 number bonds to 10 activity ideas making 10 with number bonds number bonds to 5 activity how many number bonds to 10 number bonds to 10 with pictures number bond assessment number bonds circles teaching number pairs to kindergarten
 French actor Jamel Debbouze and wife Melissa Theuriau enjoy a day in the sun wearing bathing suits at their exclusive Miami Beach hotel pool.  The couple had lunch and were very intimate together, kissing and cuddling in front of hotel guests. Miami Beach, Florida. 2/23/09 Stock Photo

==

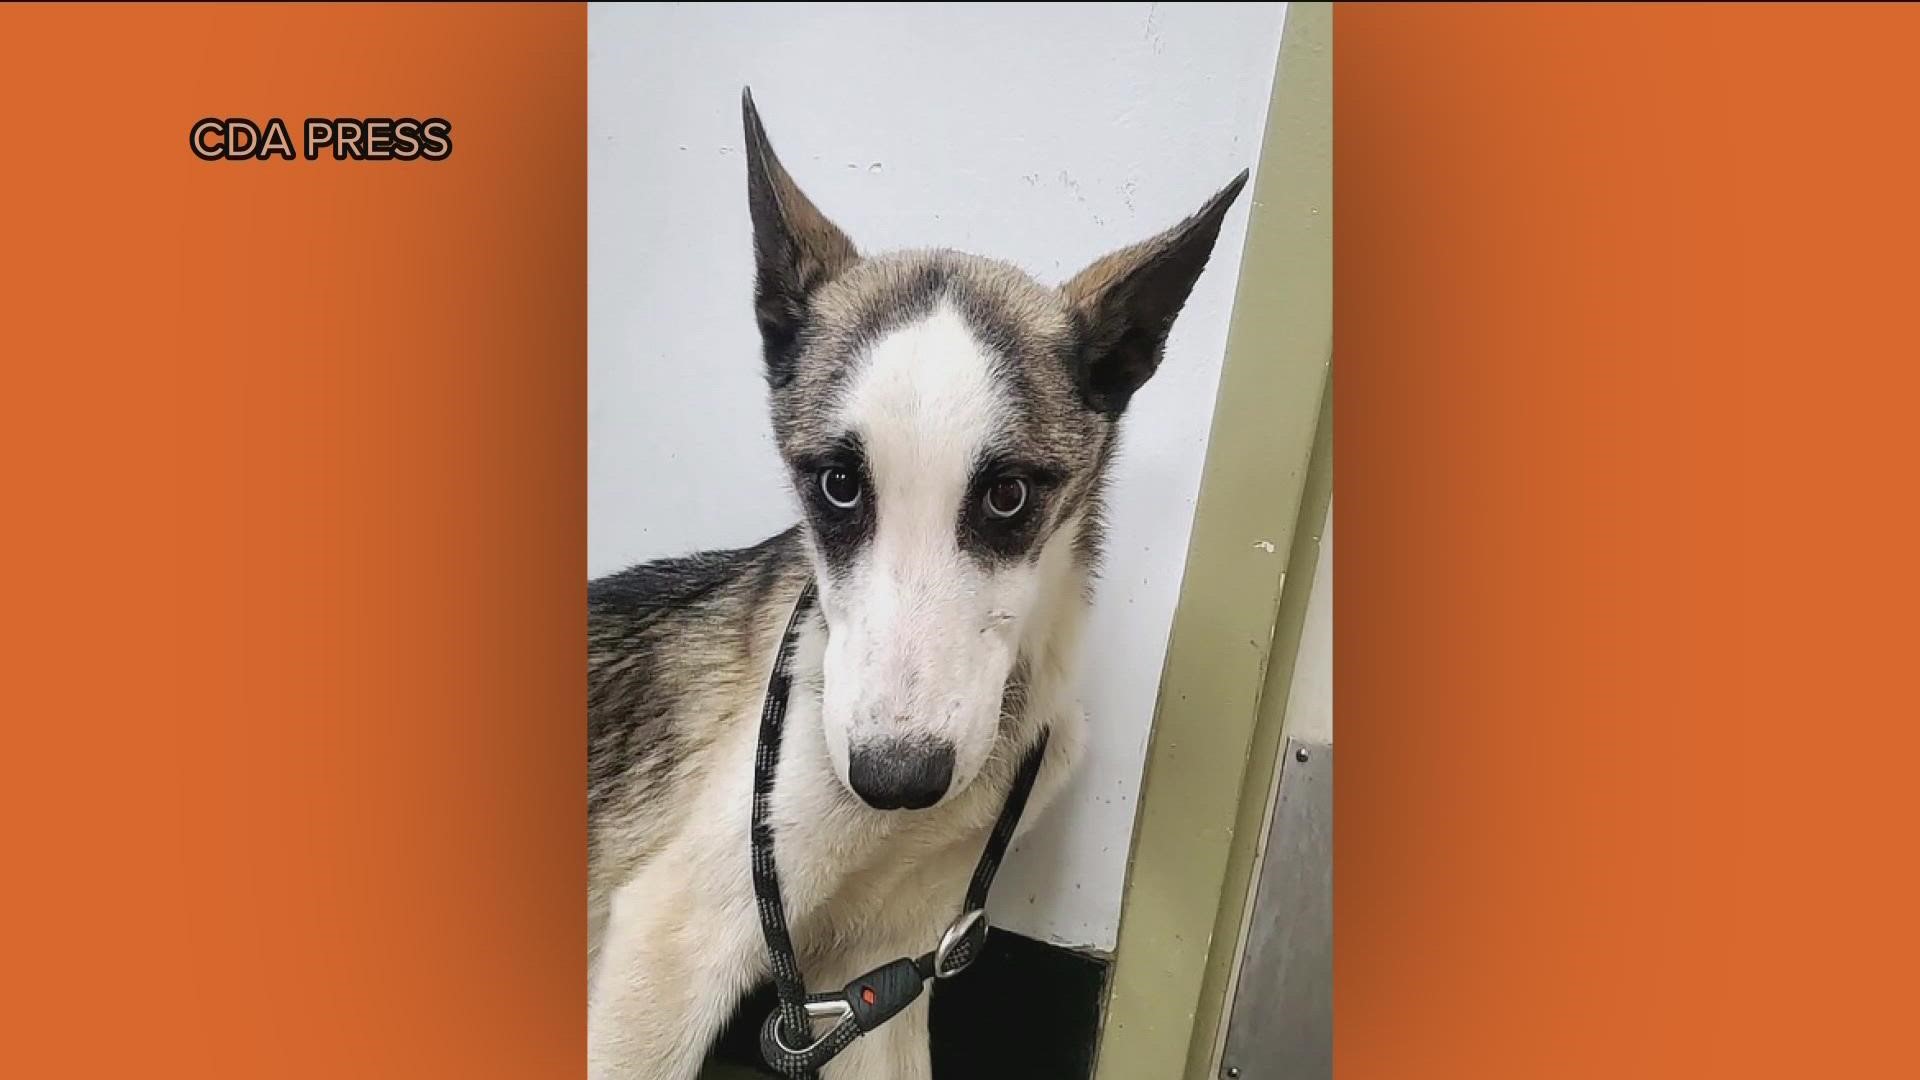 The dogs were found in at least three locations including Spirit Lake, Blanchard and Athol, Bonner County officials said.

--

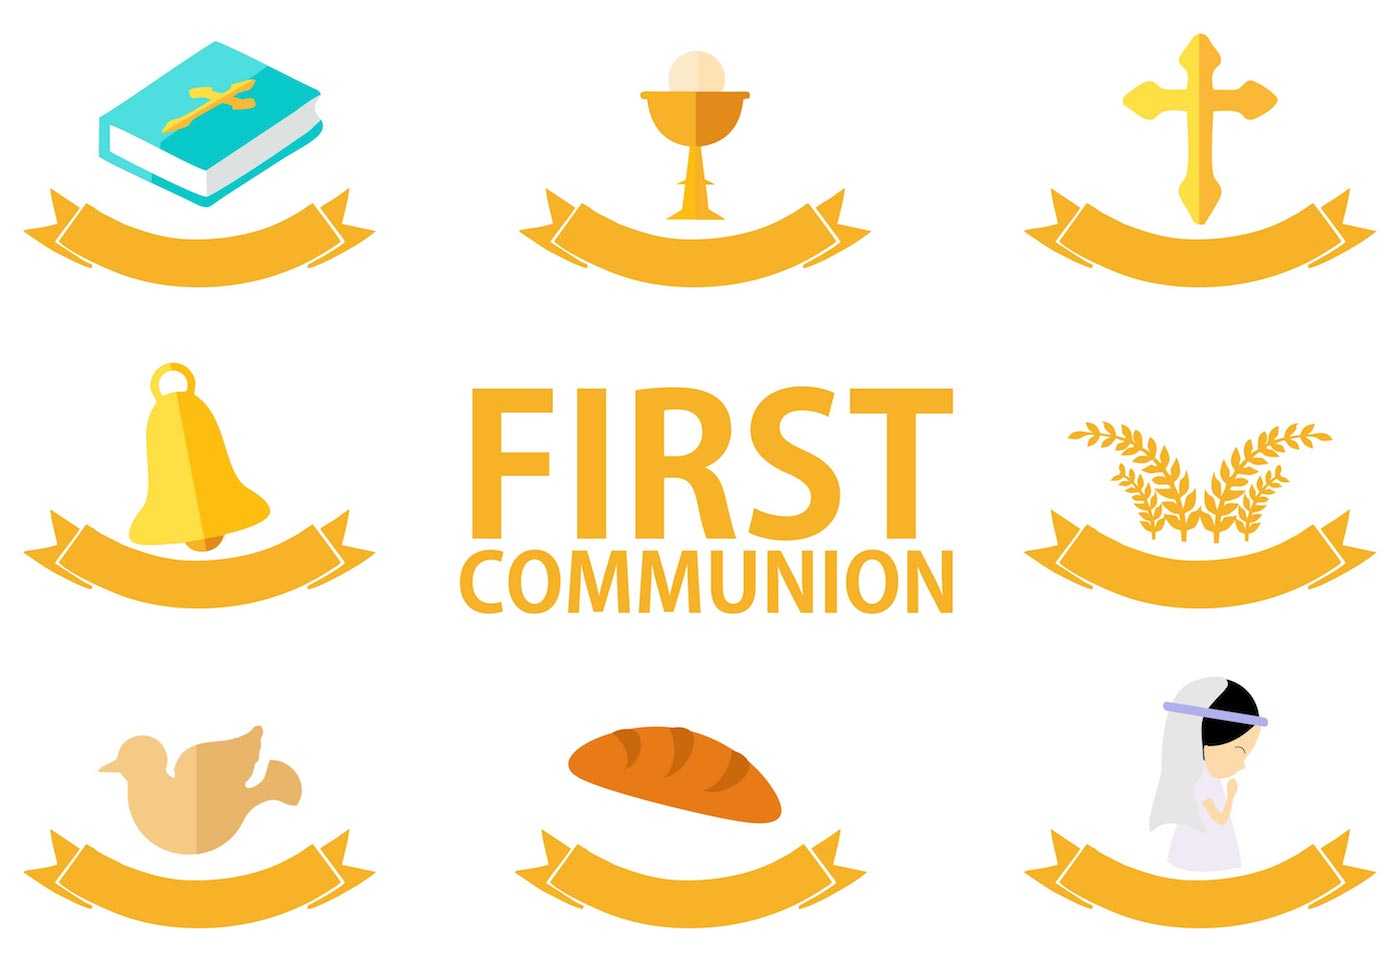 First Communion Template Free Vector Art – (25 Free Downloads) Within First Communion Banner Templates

TASK STATEMENT =>
For the material above, reproduce exactly the lines from the line with "number bonds to 10 activity" to the line with "French actor Jamel", inclusive, and exclude all others.

ANSWER FOR THE TASK =>
 number bonds to 10 activity ideas making 10 with number bonds number bonds to 5 activity how many number bonds to 10 number bonds to 10 with pictures number bond assessment number bonds circles teaching number pairs to kindergarten
 French actor Jamel Debbouze and wife Melissa Theuriau enjoy a day in the sun wearing bathing suits at their exclusive Miami Beach hotel pool.  The couple had lunch and were very intimate together, kissing and cuddling in front of hotel guests. Miami Beach, Florida. 2/23/09 Stock Photo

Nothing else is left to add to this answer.